True love is not abuse. True love is never abuse. It is not psychopathic devilry disguised as intense and damaged and a bit overbearing. And while it looks alluring in movies - painted as romantic, passionate, and exciting - every time you say that you want what the Joker and Harley have, this is what you're really saying you want:
You're saying you want blood and bruises and cuts and scars. You're saying you want to be backhanded across the face for any minor infractions. You're saying you want to be tied up and beaten, chained and left hanging in the basement for hours on end. You're saying you want to walk on eggshells all the time, to be terrified to cross him or make him mad. You're saying you want physical, mental, sexual, emotional, and verbal abuse. You're saying you want slavery. You're saying you want pain and humiliation....you're saying you want death.
And trust me. you do not want a relationship like they have.
Because in real life, women like Harley and Ana and Bella and Christine don't end up Happily Ever After. The end of abuse is not romance or marriage or love or happiness or health. The end of those relationships is a woman lying dead in a puddle of blood on the floor because her lover got out of hand one too many times, and she fell final victim to his cruelty. That is the dark side of our obsession with the romanticization of abusive relationships. That is what we are asking for when we romanticize relationships like Harley & the Joker or Ana & Christian or Bella & Edward.

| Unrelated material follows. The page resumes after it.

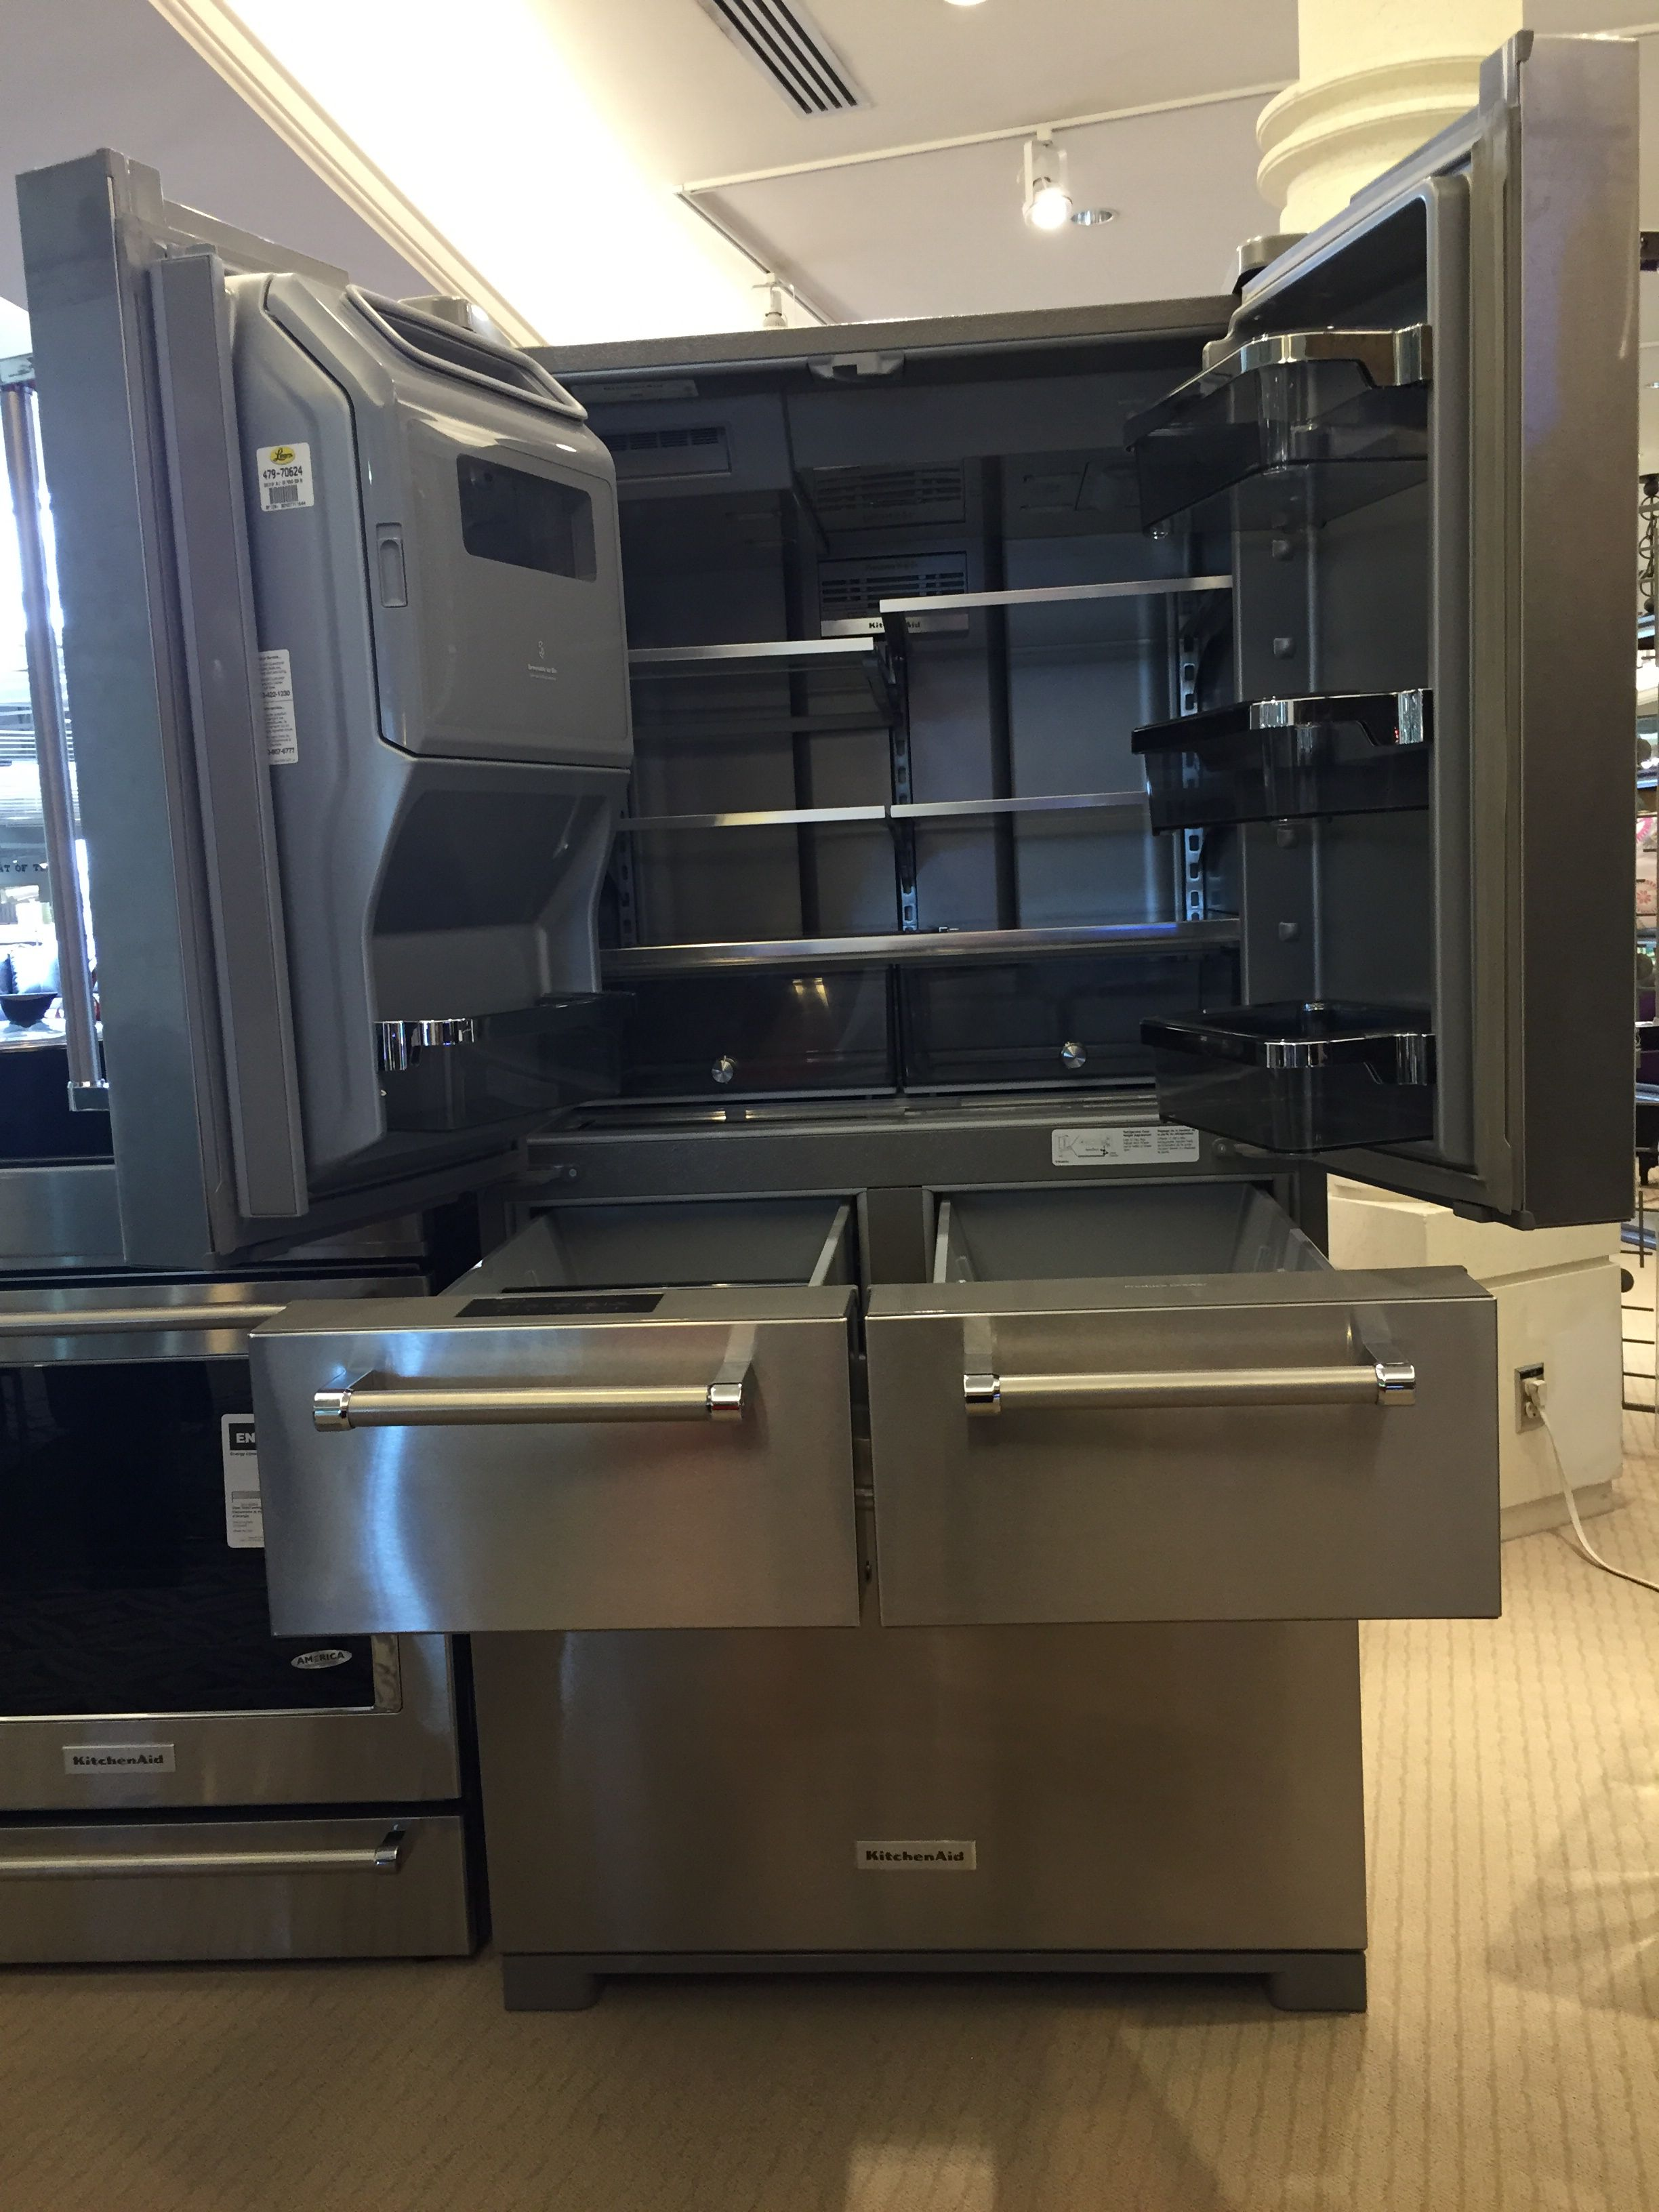 Leon's Calgary - Kitchen Aid 25.8 Fridge SKU 479-70624 - 36.2x36x70.1 - 5 door configuration, water/ice - $4,699

Now obviously I shan't shun you for going to see Suicide Squad, but just remember, when your beloved daughter comes home from college with a controlling boyfriend and new bruises only to refuse to listen to your concern because 'I really love him!', or you have to watch as your daughter-in-law slowly fades away before your very eyes and you are too afraid of your son to venture recriminations, it's because we as a society teach them no better. It is because we support media which romanticizes abusive relationships, depicting them in glowing exciting terms.

And it's time to to stop. It's time to call a halt, to take a stand, to say no. 
A dance with the devil, no matter how charming initially, is living hell, ultimately resulting in a death sentence. It is not life you teach every time you hold this up as an ideal - every time you show the movie industry that romanticizing abuse makes good money. It is not life. And it is never, ever, ever love. 
A dance with the devil is death. And I opt out.